Records supplied:
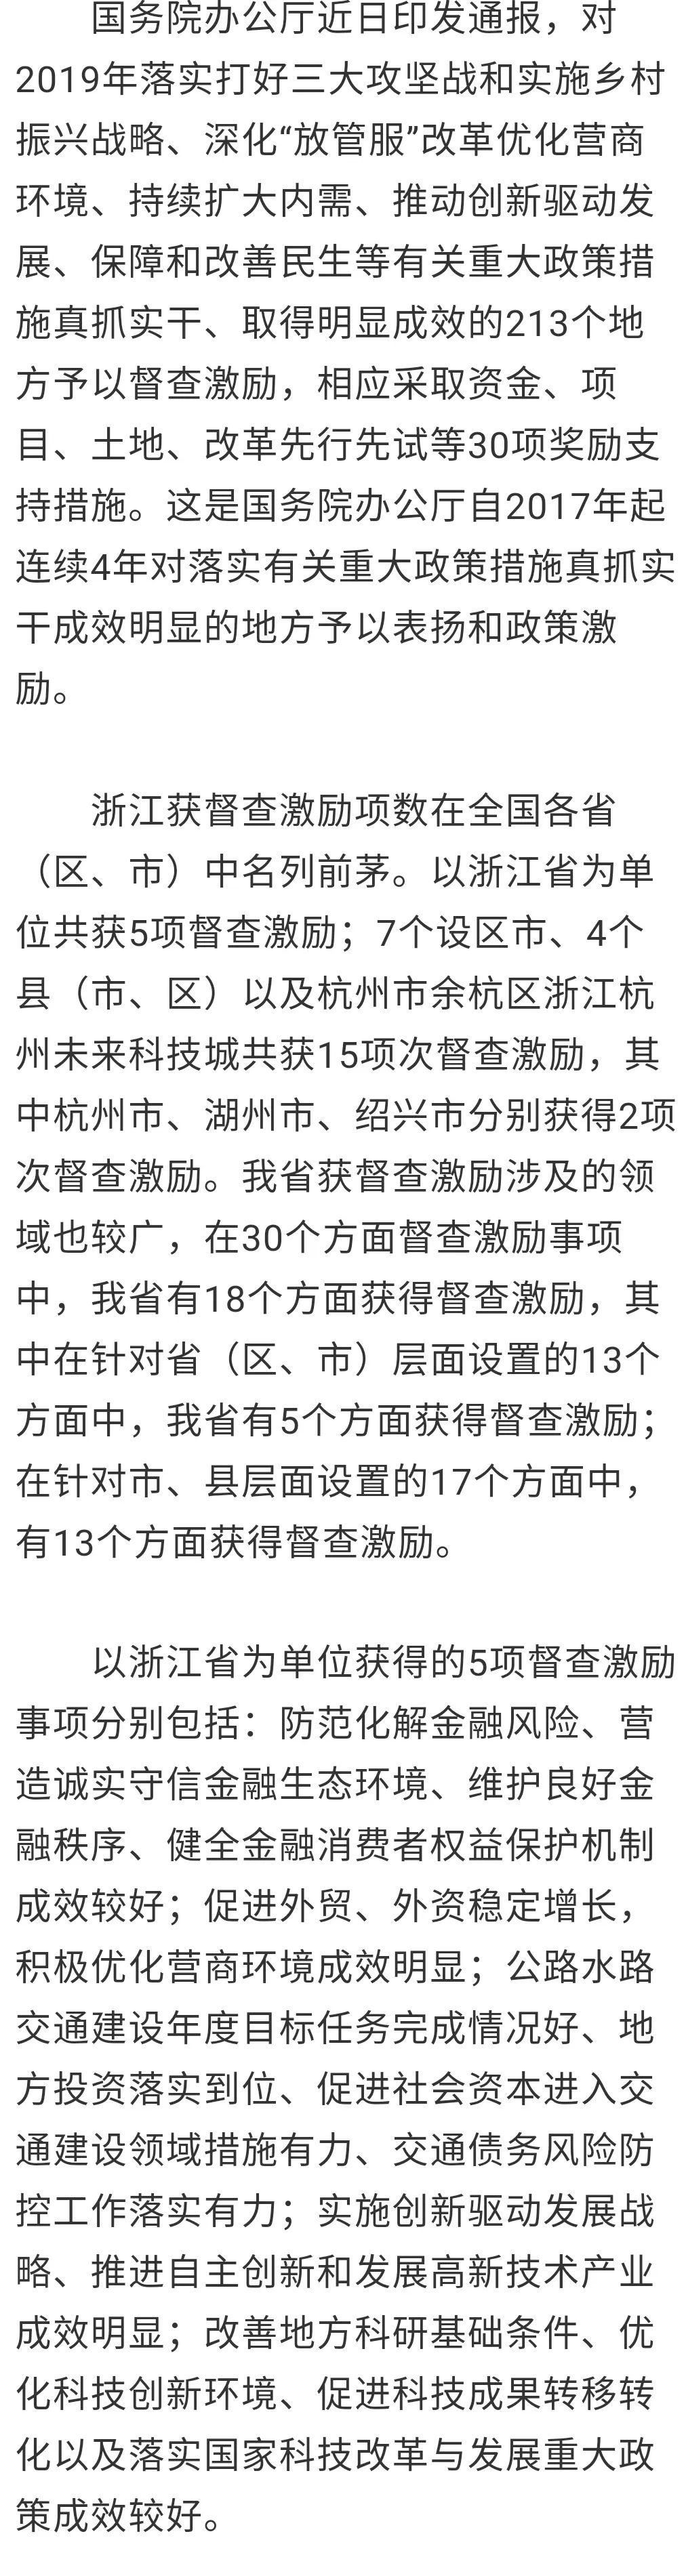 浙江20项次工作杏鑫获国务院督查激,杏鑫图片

---

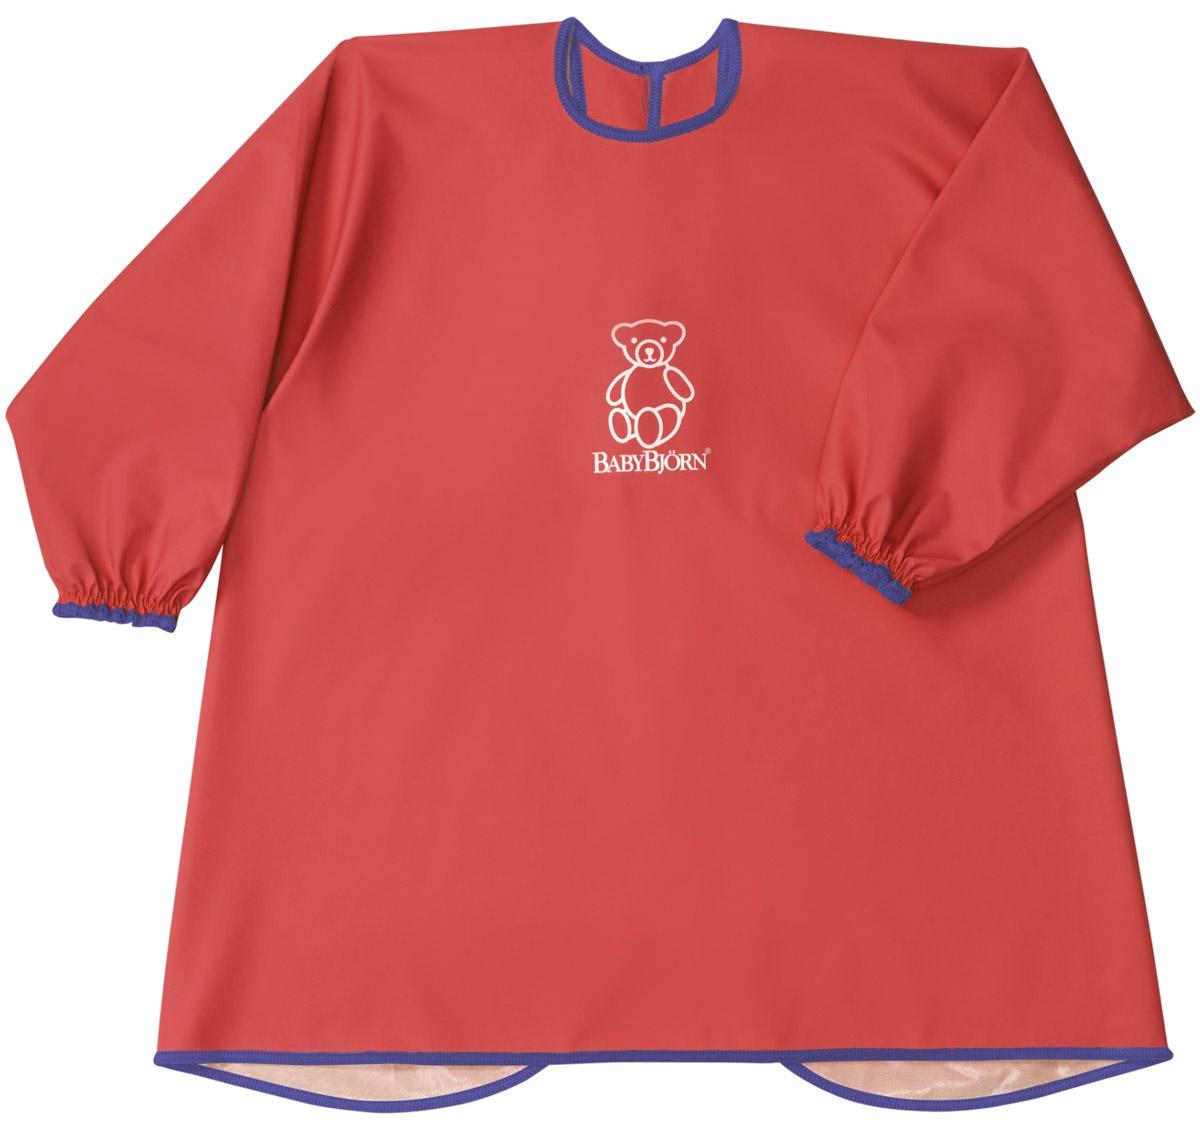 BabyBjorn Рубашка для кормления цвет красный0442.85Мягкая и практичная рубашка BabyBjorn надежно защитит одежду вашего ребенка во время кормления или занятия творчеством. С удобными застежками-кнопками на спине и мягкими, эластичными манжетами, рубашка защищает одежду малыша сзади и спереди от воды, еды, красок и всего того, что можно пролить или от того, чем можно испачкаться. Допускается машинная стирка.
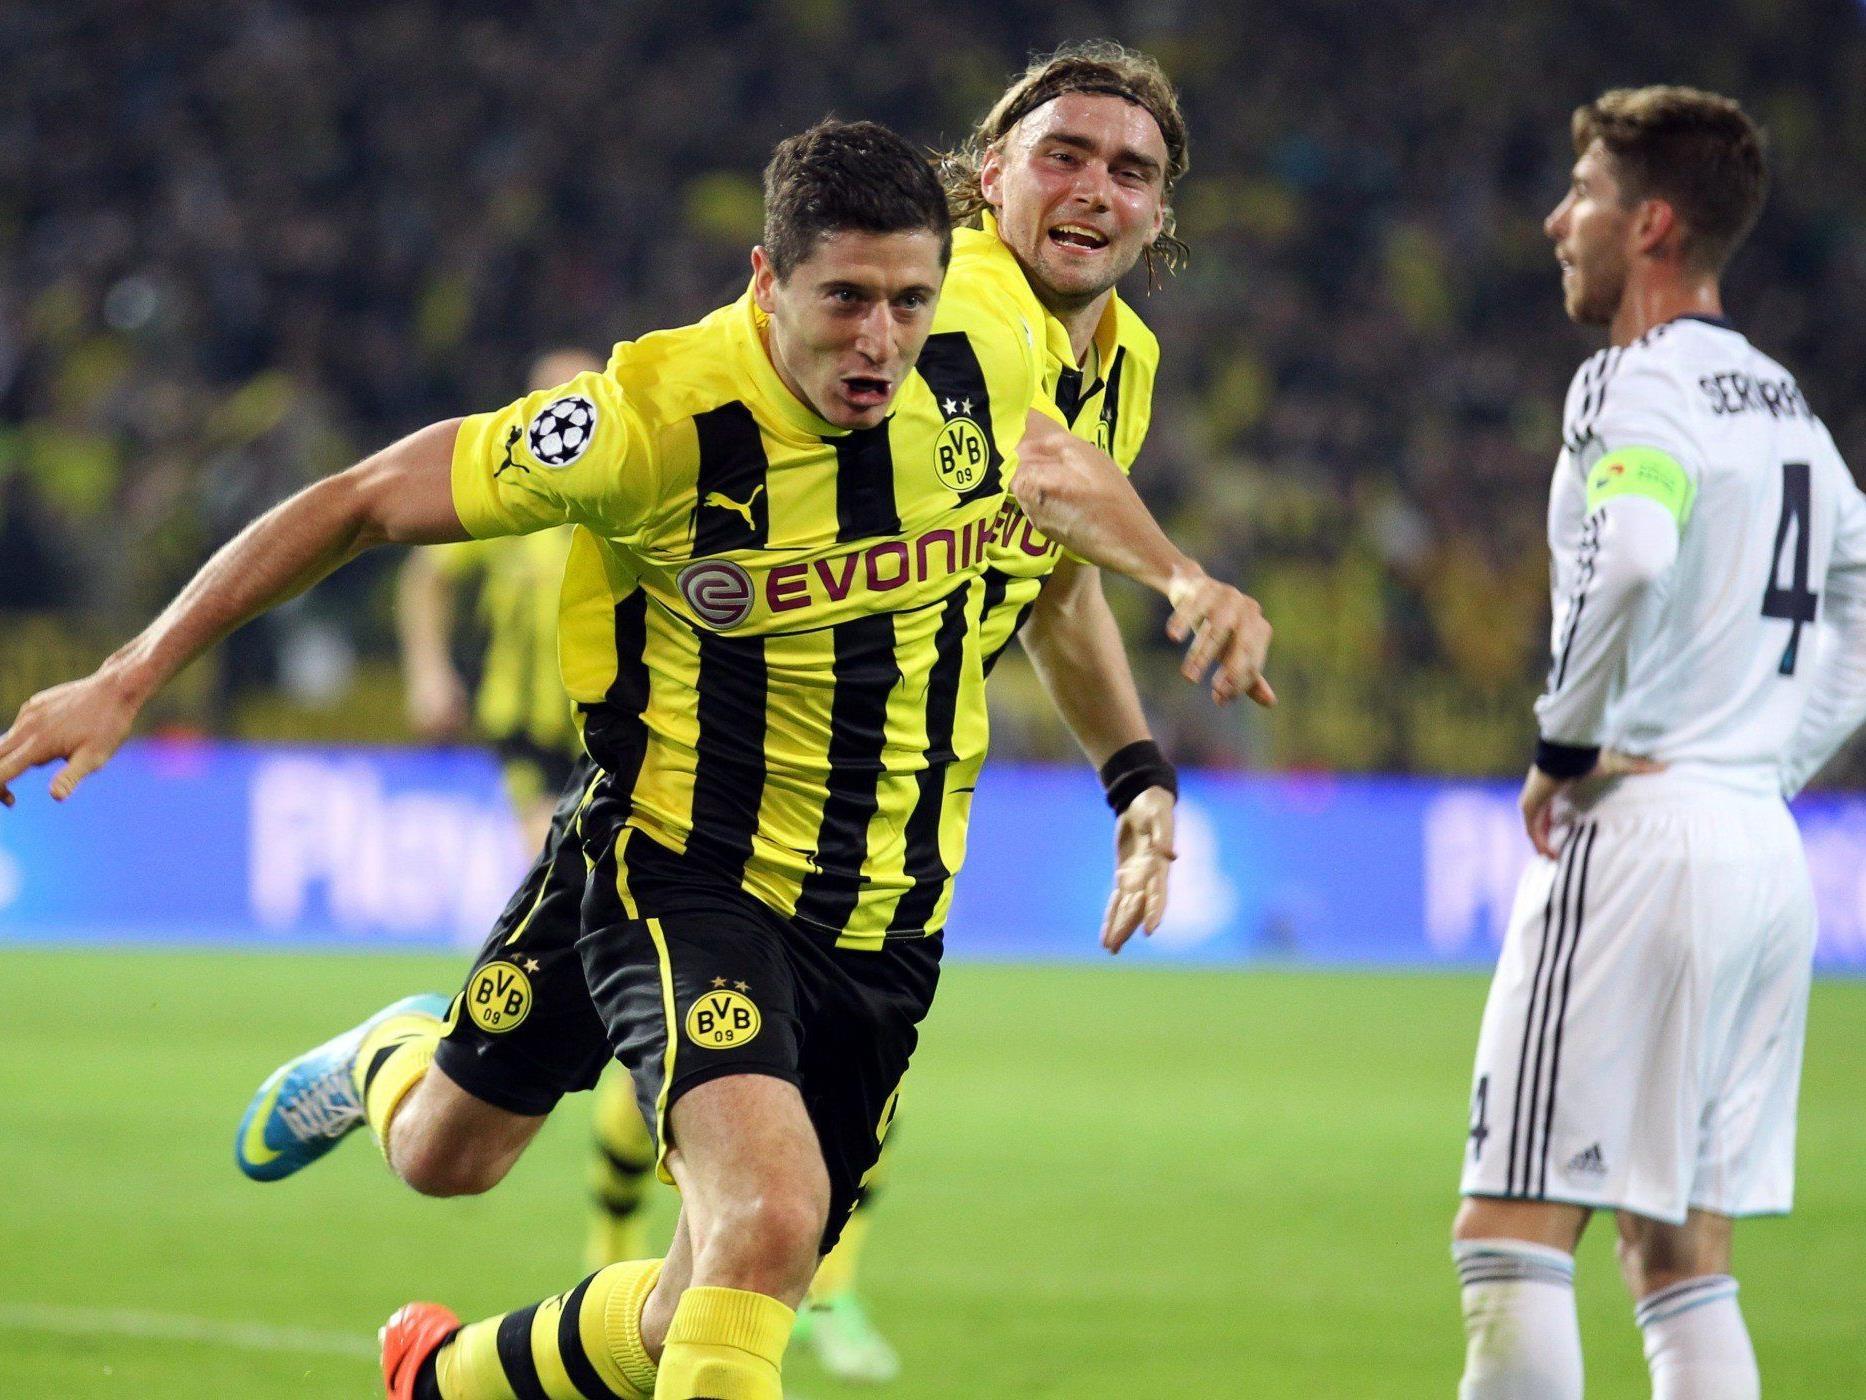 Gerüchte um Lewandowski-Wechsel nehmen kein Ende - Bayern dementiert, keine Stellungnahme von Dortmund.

Exercise prompt: Using the data above, print only the lines starting at the one with "BabyBjorn Рубашка для" and ending at the one with "Gerüchte um Lewandowski-Wechsel", exactly as they stand, minus the pictures.

Completed task:
 BabyBjorn Рубашка для кормления цвет красный0442.85Мягкая и практичная рубашка BabyBjorn надежно защитит одежду вашего ребенка во время кормления или занятия творчеством. С удобными застежками-кнопками на спине и мягкими, эластичными манжетами, рубашка защищает одежду малыша сзади и спереди от воды, еды, красок и всего того, что можно пролить или от того, чем можно испачкаться. Допускается машинная стирка.
 Gerüchte um Lewandowski-Wechsel nehmen kein Ende - Bayern dementiert, keine Stellungnahme von Dortmund.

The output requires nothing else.